Canisiuswerk als "Stachel im Fleisch"
In einem Interview in der Jänner/Februar-Ausgabe des "miteinander" bezeichnete Bischof Krautwaschl den Gründungsauftrag des Canisiuswerkes als "aktueller denn je": Schließlich brauche es "Priester wie engagierte Laien, die vorangehen in Kirche und Gesellschaft, die Verantwortung übernehmen und ein großes Gespür für die Zeichen der Zeit mitbringen". All dies entspreche dem Gründungsauftrag des Werkes - auch wenn sich die gesellschaftliche und kirchliche Situation heute weitaus komplexer darstelle als vor 100 Jahren. 

Er sehe die Aufgabe des Canisiuswerkes künftig u. a. darin, "Stachel im Fleisch" der Kirche zu sein, "der uns spüren lässt, dass Berufungen der Kirche ein inneres Anliegen sein und bleiben müssen", so Krautwaschl.
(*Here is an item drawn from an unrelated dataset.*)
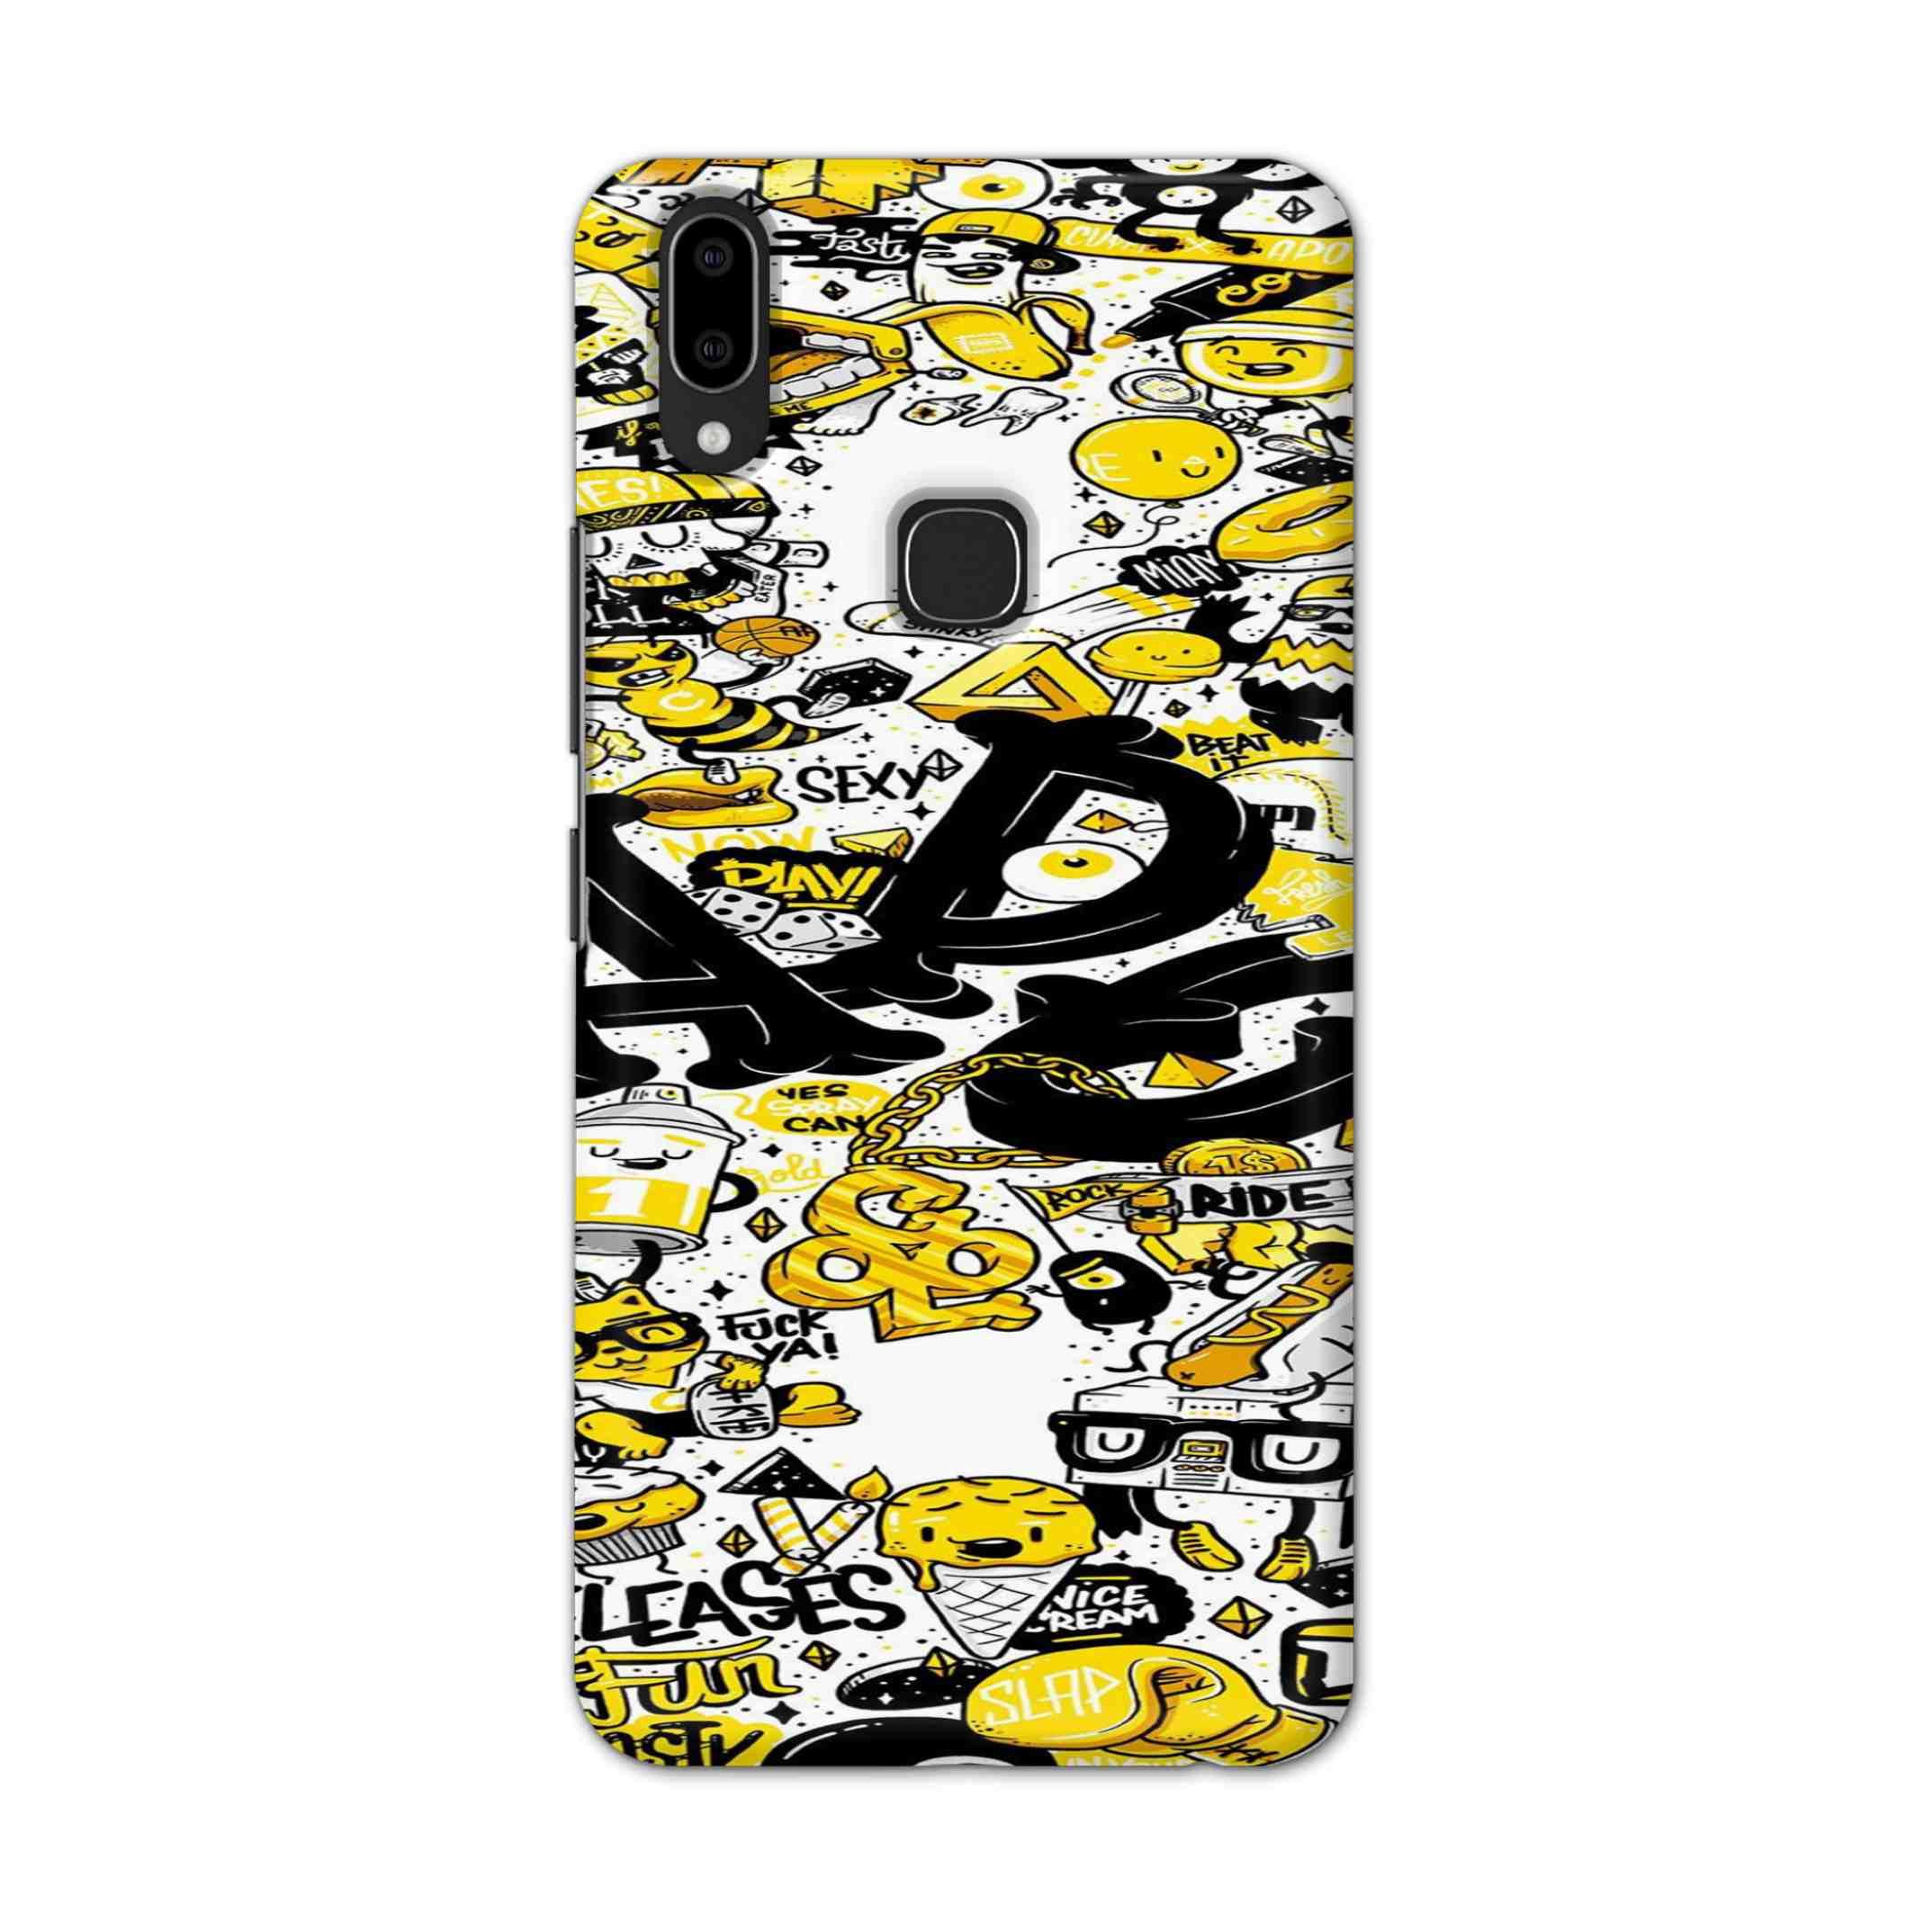 Buy Ado Hard Back Mobile Phone Case Cover For Vivo V9 / V9 Youth Online

Schließlich habe sich die Glaubenspraxis der Menschen stark verändert – dem müsse man auch mit veränderten Angeboten Rechnung tragen, um die Menschen wieder neu mit dem Glauben zu konfrontieren. Denn nur aus einer Erneuerung der Glaubenspraxis würden schließlich auch neue Berufungen hervorgehen, zeigte sich Krautwaschl überzeugt. 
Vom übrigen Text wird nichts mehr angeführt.